Satellite instruments inadequate to detect ``missing`` Earth heat

The existing observational tools are not adequate to measure a significant portion of heat that is believed to have built up on Earth in recent years.

Washington: The existing observational tools are not adequate to measure a significant portion of heat that is believed to have built up on Earth in recent years and this ``missing`` heat may affect future climate change, scientists have warned.
The study has appeared in a "Perspectives" article in this week``s issue of the journal Science.

According to scientists at the National Center for Atmospheric Research (NCAR) in Boulder, Colo., satellite sensors, ocean floats, and other instruments cannot track this "missing" heat, which may be building up in the deep oceans or elsewhere in the climate system.

Lead author and NCAR scientist Kevin Trenberth said: "The heat will come back to haunt us sooner or later.

"The reprieve we`ve had from warming temperatures in the last few years will not continue.

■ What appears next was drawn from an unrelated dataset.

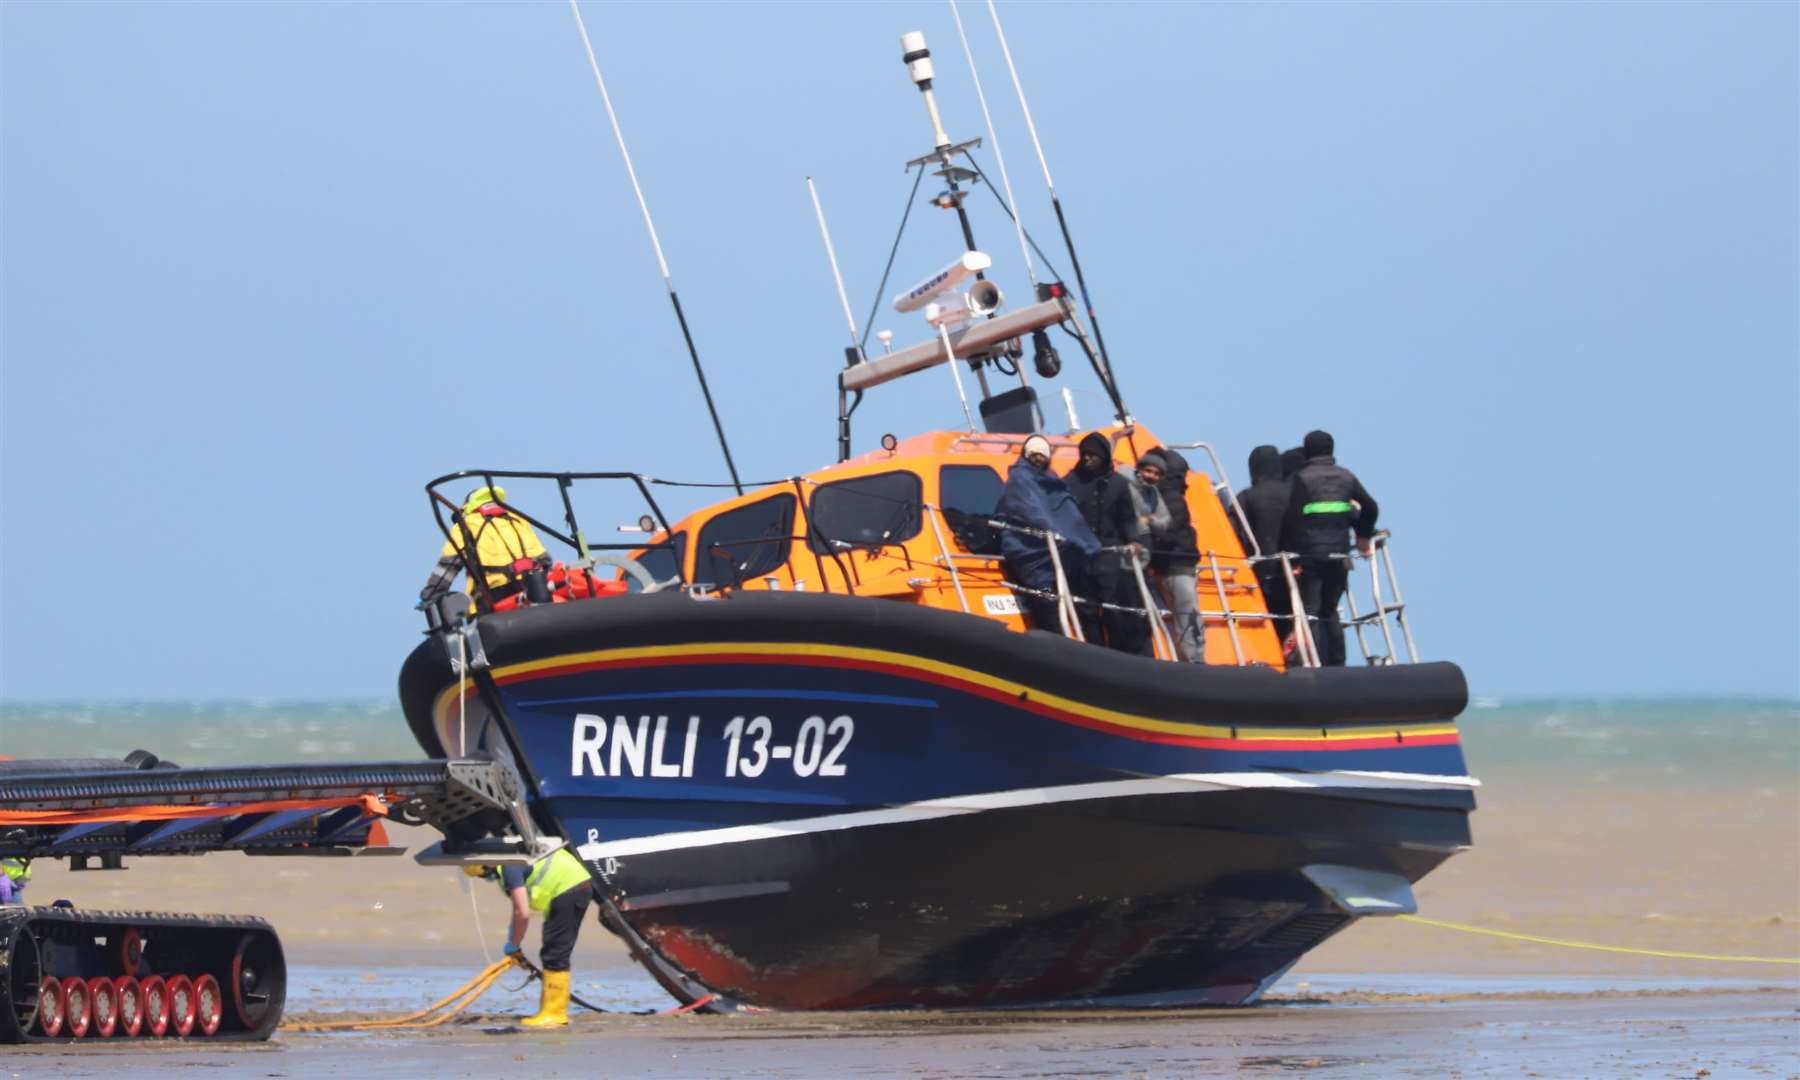 The RNLI were involved in the incident at Dungeness File image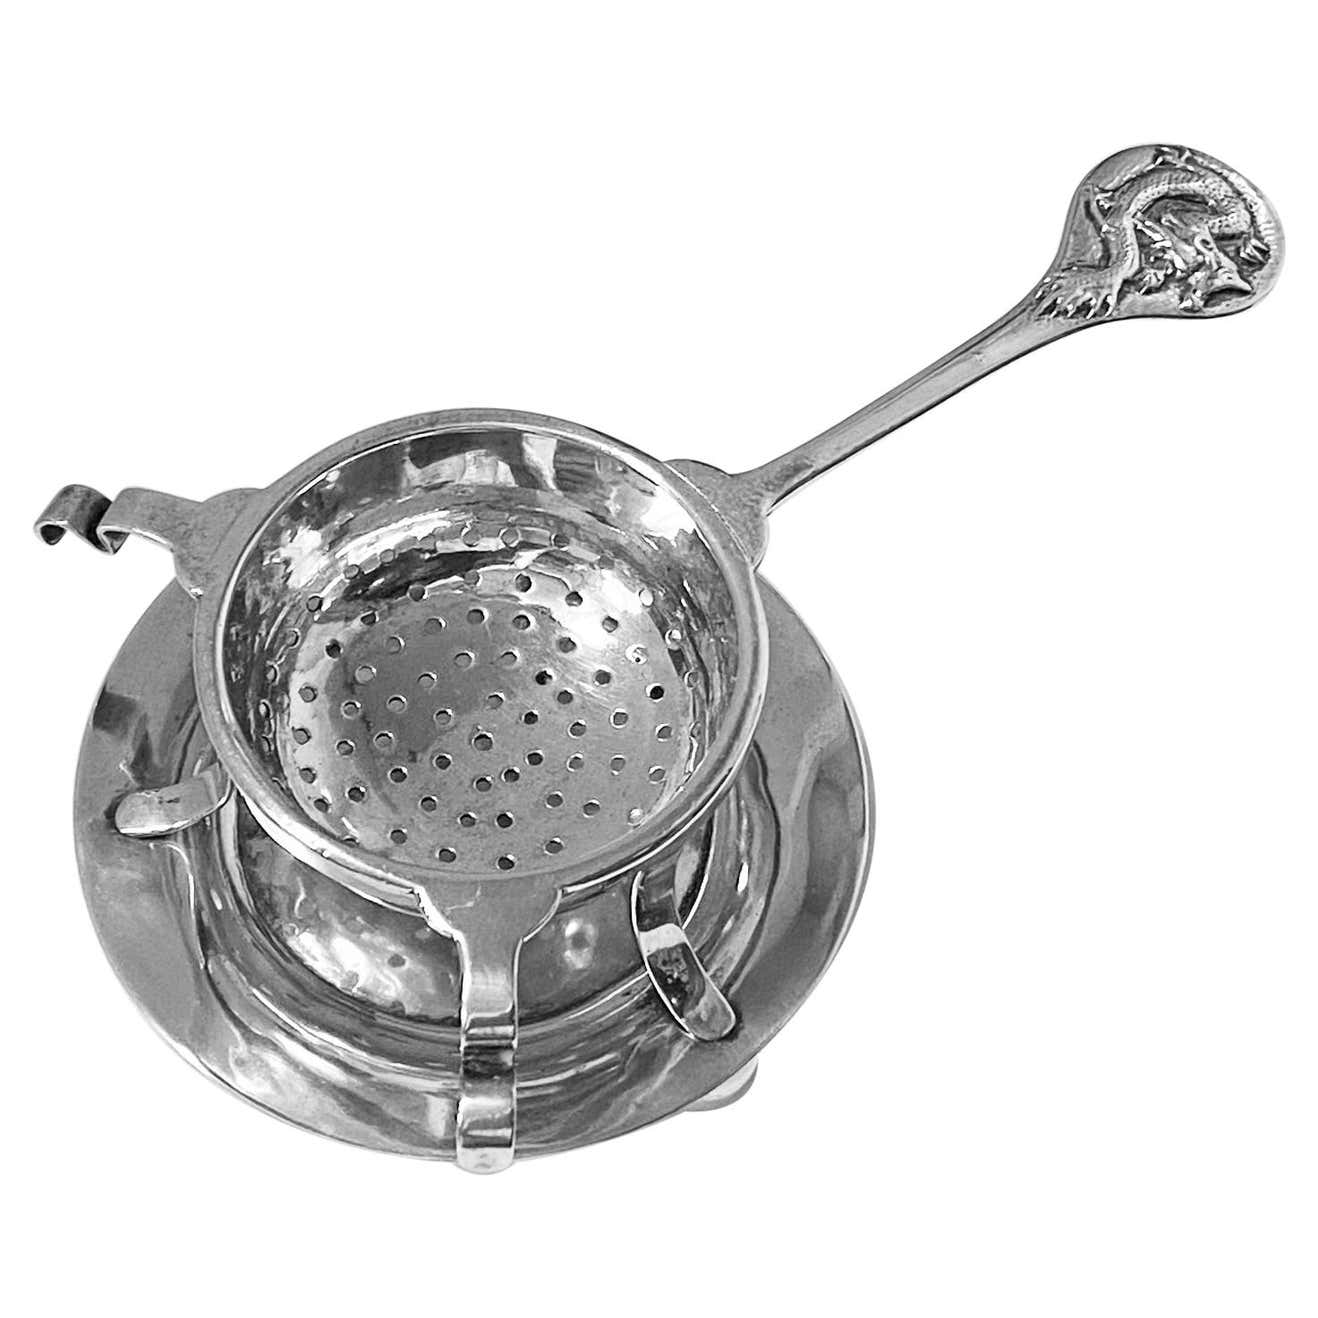 Chinese Export Silver Tea strainer on stand Tuck Chang C.1900

It is critical to track the build-up of energy in our climate system so we can understand what is happening and predict our future climate."

The authors suggest that last year`s rapid onset of El Niño, the periodic event in which upper ocean waters across much of the tropical Pacific Ocean become significantly warmer, may be one way in which the solar energy has reappeared.

Trenberth and his co-author, NCAR scientist John Fasullo, focused on a central mystery of climate change.

Whereas satellite instruments indicate that greenhouse gases are continuing to trap more solar energy, or heat, scientists since 2003 have been unable to determine where much of that heat is going.

Either the satellite observations are incorrect, pointed out Trenberth, or, more likely, large amounts of heat are penetrating to regions that are not adequately measured, such as the deepest parts of the oceans.

Compounding the problem, Earth``s surface temperatures have largely levelled off in recent years.

Yet melting glaciers and Arctic sea ice, along with rising sea levels, indicate that heat is continuing to have profound effects on the planet. Trenberth and Fasullo believe it is imperative to better measure the flow of energy through Earth`s climate system.

For instance, any geoengineering plan to artificially alter the world``s climate to counter global warming could have inadvertent consequences, which may be difficult to analyse unless scientists can track heat around the globe.

Improved analysis of energy in the atmosphere and oceans can also help researchers better understand and possibly even anticipate unusual weather patterns, such as the cold outbreaks across much of the US, Europe, and Asia over the past winter.

As greenhouse gases accumulate in the atmosphere, satellite instruments show a growing imbalance between energy entering the atmosphere from the sun and energy leaving from Earth``s surface.

This imbalance is the source of long-term global warming.

But tracking the growing amount of heat on Earth is far more complicated than measuring temperatures at the planet``s surface.

The oceans absorb about 90 percent of the solar energy that is trapped by greenhouse gases. Additional amounts of heat go toward melting glaciers and sea ice, as well as warming the land and parts of the atmosphere.

Only a tiny fraction warms the air at the planet``s surface.

Satellite measurements indicate that the amount of greenhouse-trapped solar energy has risen over recent years while the increase in heat measured in the top 3,000 feet of the ocean has stalled.

Although it is difficult to quantify the amount of solar energy with precision, Trenberth and Fasullo estimate that, based on satellite data, the amount of energy build-up appears to be about 1.0 watts per square meter or higher, while ocean instruments indicate a build-up of about 0.5 watts per square meter.

That means about half the total amount of heat is unaccounted for.

A percentage of the missing heat could be illusory, the result of imprecise measurements by satellites and surface sensors or incorrect processing of data from those sensors, the authors explained.

Until 2003, the measured heat increase was consistent with computer model expectations.

But a new set of ocean monitors since then has shown a steady decrease in the rate of oceanic heating, even as the satellite-measured imbalance between incoming and outgoing energy continues to grow.